Hi all,
in Java code I would like to create an exampleset with the textplugin. I tried WVToolRapidMinerExample.java with my input and it works fine. I copied the exact code of this example to my method and I get an acces denied error. Debugging showed that WVToolRapidMinerExample.java treats my input as a directory containing traindocuments, as it should, but when I use my method directories are treated as files which of course results in an exception.
Here is my code, RapidMiner is initialised when this code is reached;
private ExampleSet buildTrainExampleSetNieuw(Category category)

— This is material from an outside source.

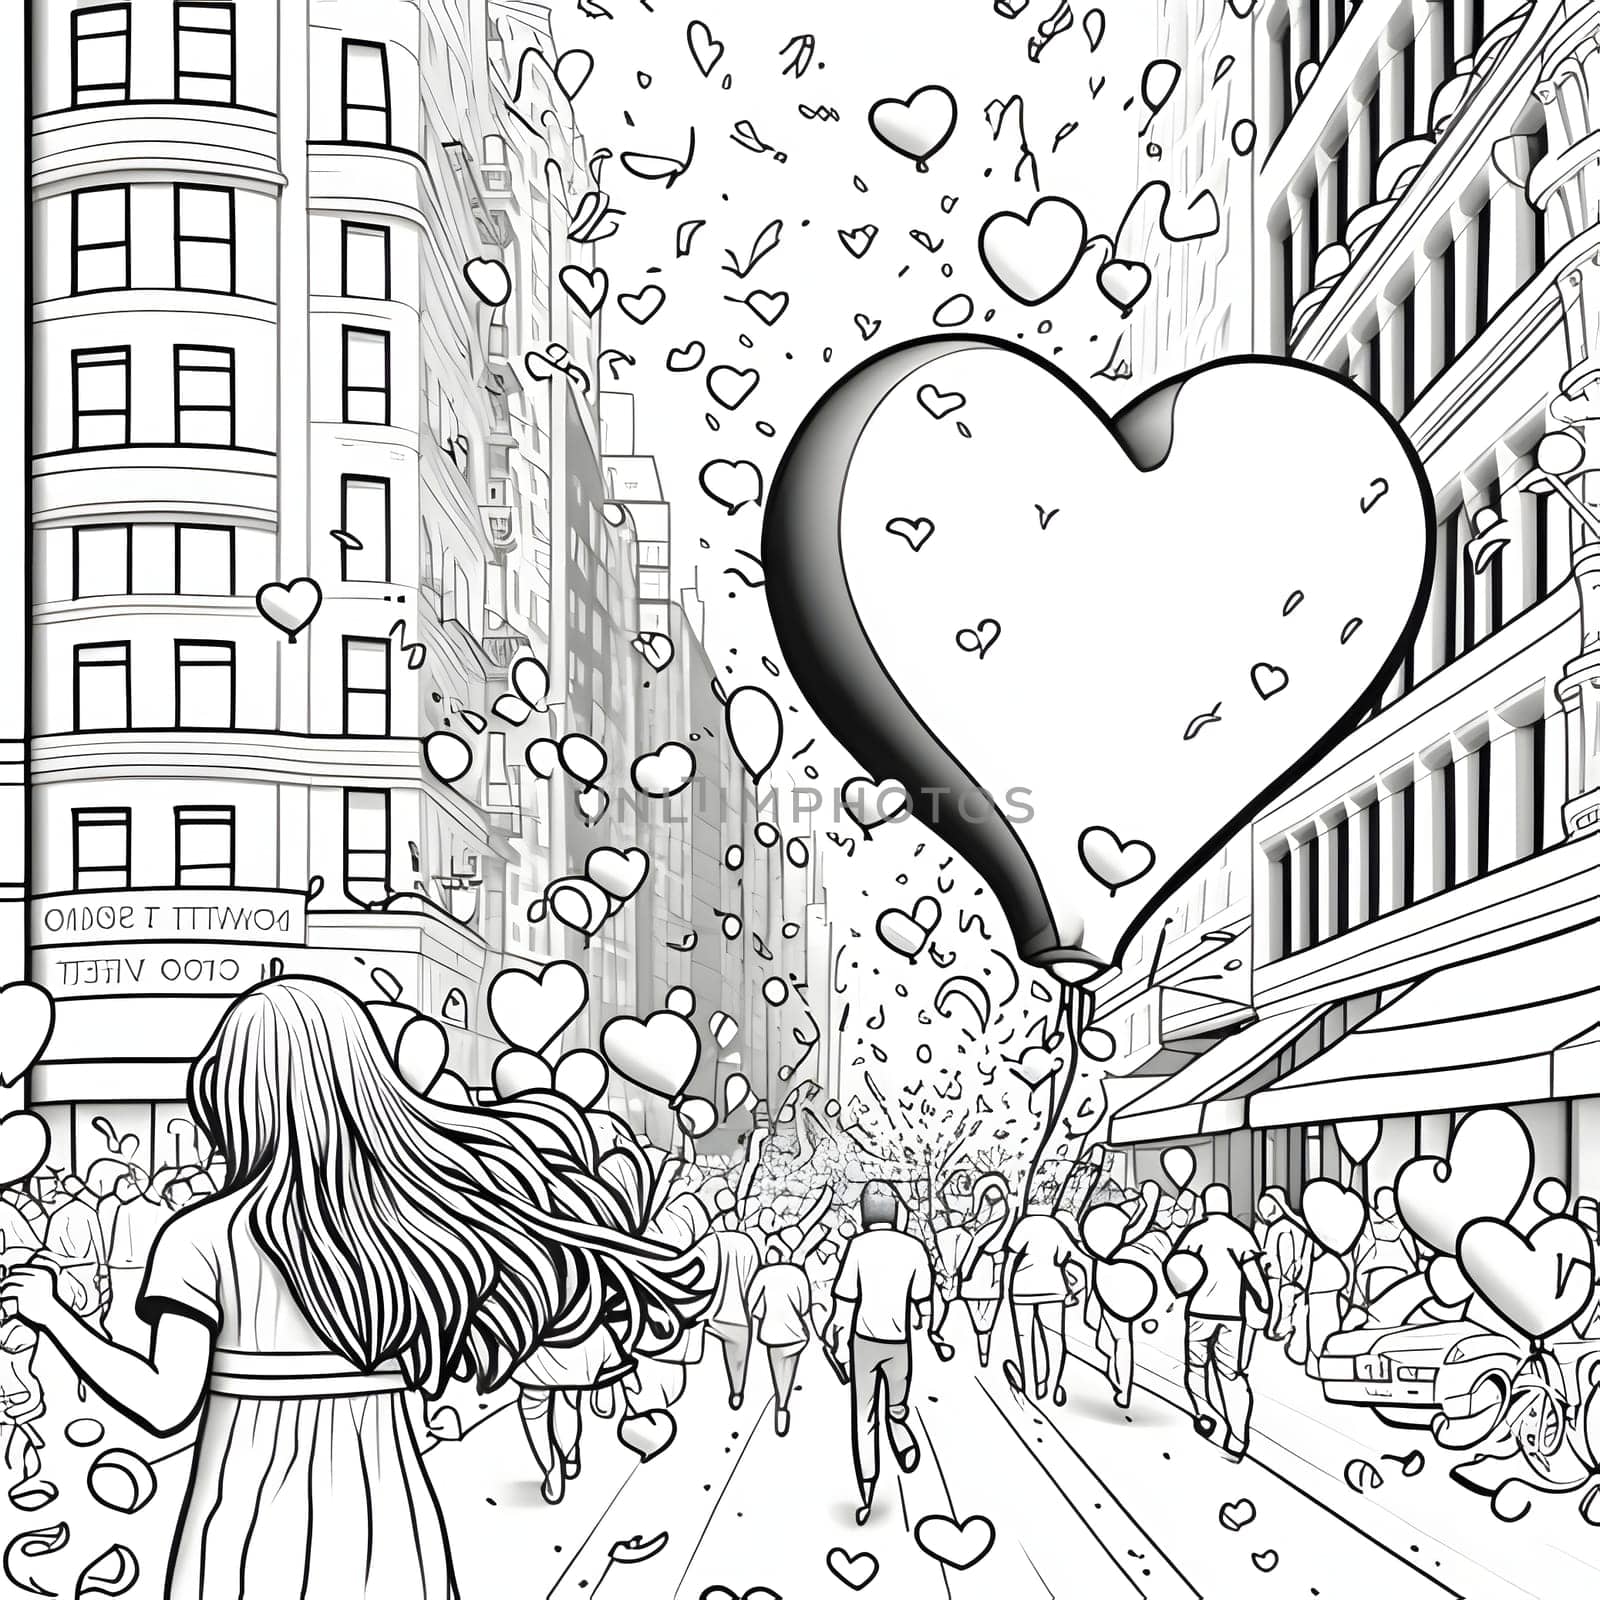 A giant heart, a crowd. People and confetti black and white coloring sheet. New Year's party and celebrations. A time of celebration and resolutions.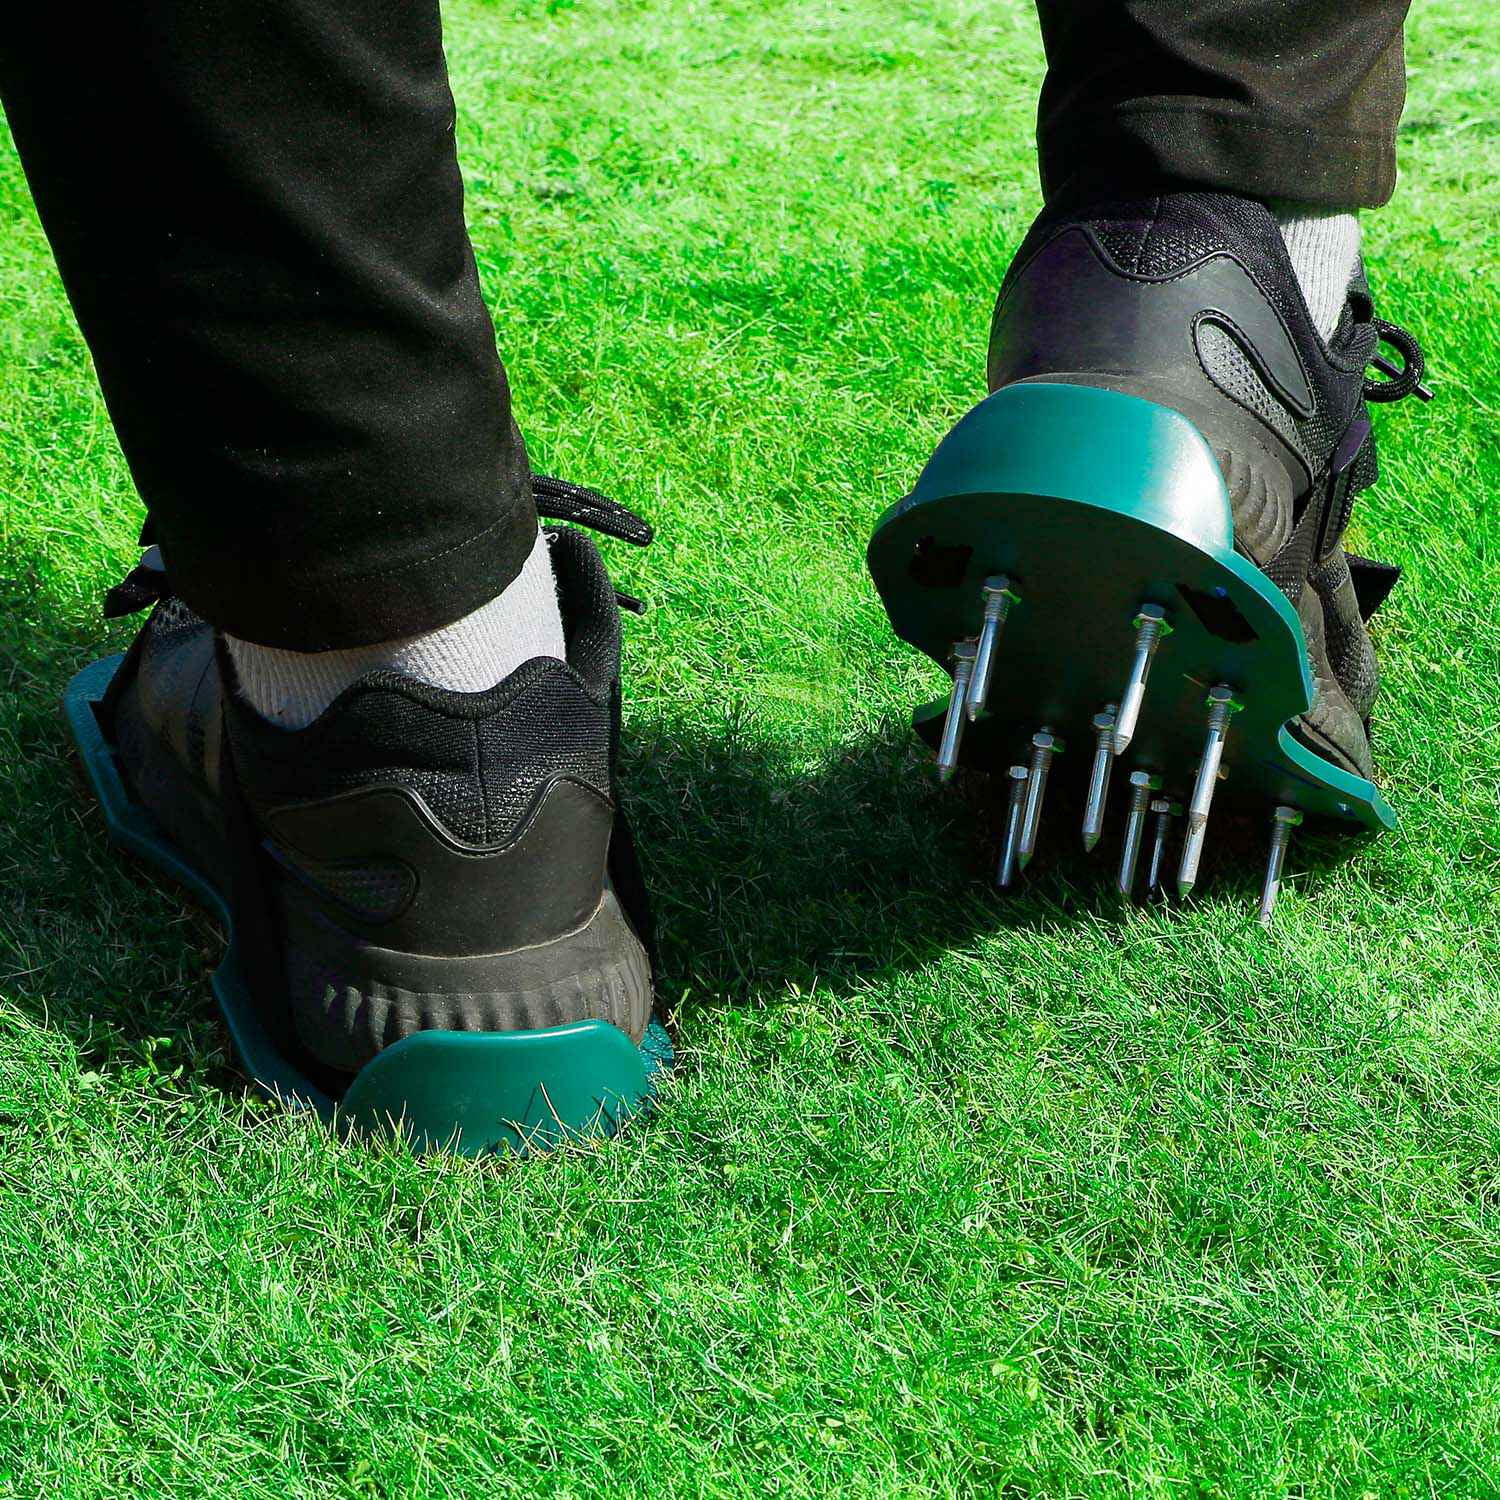 Details about   Yard Aerator Shoes Lawn Spiked Aeration Heavy Duty Garden Sandals Aerating Soil

throws OperatorCreationException, OperatorException {
OperatorChain wvtoolOperator = (OperatorChain) OperatorService
.createOperator("TextInput");
wvtoolOperator.setParameter(TextInput.PARAMETER_DEFAULT_CONTENT_TYPE,
"application/xml");
wvtoolOperator.setParameter(
TextInput.PARAMETER_DEFAULT_CONTENT_LANGUAGE, "dutch");
wvtoolOperator.setParameter(
TextInput.PARAMETER_DEFAULT_CONTENT_ENCODING, "iso-8859-1");
wvtoolOperator.setParameter(TextInput.PARAMETER_PRUNE_BELOW, "3");
wvtoolOperator.setParameter(TextInput.PARAMETER_PRUNE_ABOVE, "10");
List<Object[]> textList = new LinkedList<Object[]>();
textList
.add(new Object[] { "Ambtenarenrecht",
"c:/workspace/documentclassification/trainset/Ambtenarenrecht/" });
textList
.add(new Object[] { "non-Ambtenarenrecht",
"c:/workspace/documentclassification/trainsetnon/Ambtenarenrecht/" });
wvtoolOperator.addOperator(OperatorService
.createOperator(SimpleTokenizer.class));
wvtoolOperator.setListParameter("texts", textList);
IOContainer out = wvtoolOperator.apply(new IOContainer());
return out.get(ExampleSet.class);
}
This is the code in WVToolRapidMinerExample.java that does a good job;
public static void main(String[] args) throws Exception {
FileInputStream inputStream = new FileInputStream(
"C:\\workspace\\textplugin\\resources\\operators.xml");
RapidMiner.init(inputStream, new File("rm_plugins"), true, false,
false, true);
inputStream.close();
OperatorChain wvtoolOperator = (OperatorChain) OperatorService
.createOperator("TextInput");
wvtoolOperator.setParameter(TextInput.PARAMETER_DEFAULT_CONTENT_TYPE,
"application/xml");
wvtoolOperator.setParameter(
TextInput.PARAMETER_DEFAULT_CONTENT_LANGUAGE, "dutch");
wvtoolOperator.setParameter(
TextInput.PARAMETER_DEFAULT_CONTENT_ENCODING, "iso-8859-1");
wvtoolOperator.setParameter(TextInput.PARAMETER_PRUNE_BELOW, "3");
wvtoolOperator.setParameter(TextInput.PARAMETER_PRUNE_ABOVE, "10");
List<Object[]> textList = new LinkedList<Object[]>();
// adjust data input
textList
.add(new Object[] { "Ambtenarenrecht",
"c:/workspace/documentclassification/trainset/Ambtenarenrecht/" });
textList
.add(new Object[] { "non-Ambtenarenrecht",
"c:/workspace/documentclassification/trainsetnon/Ambtenarenrecht/" });
wvtoolOperator.addOperator(OperatorService
.createOperator(SimpleTokenizer.class));
wvtoolOperator.setListParameter("texts", textList);
IOContainer out = wvtoolOperator.apply(new IOContainer());
System.out.println("klaar");
}
Any ideas on what I am doing wrong in my code? I use Rapidminer/textplugin 4.2. Any suggestions that help solve this problem will be much appreciated.
Martine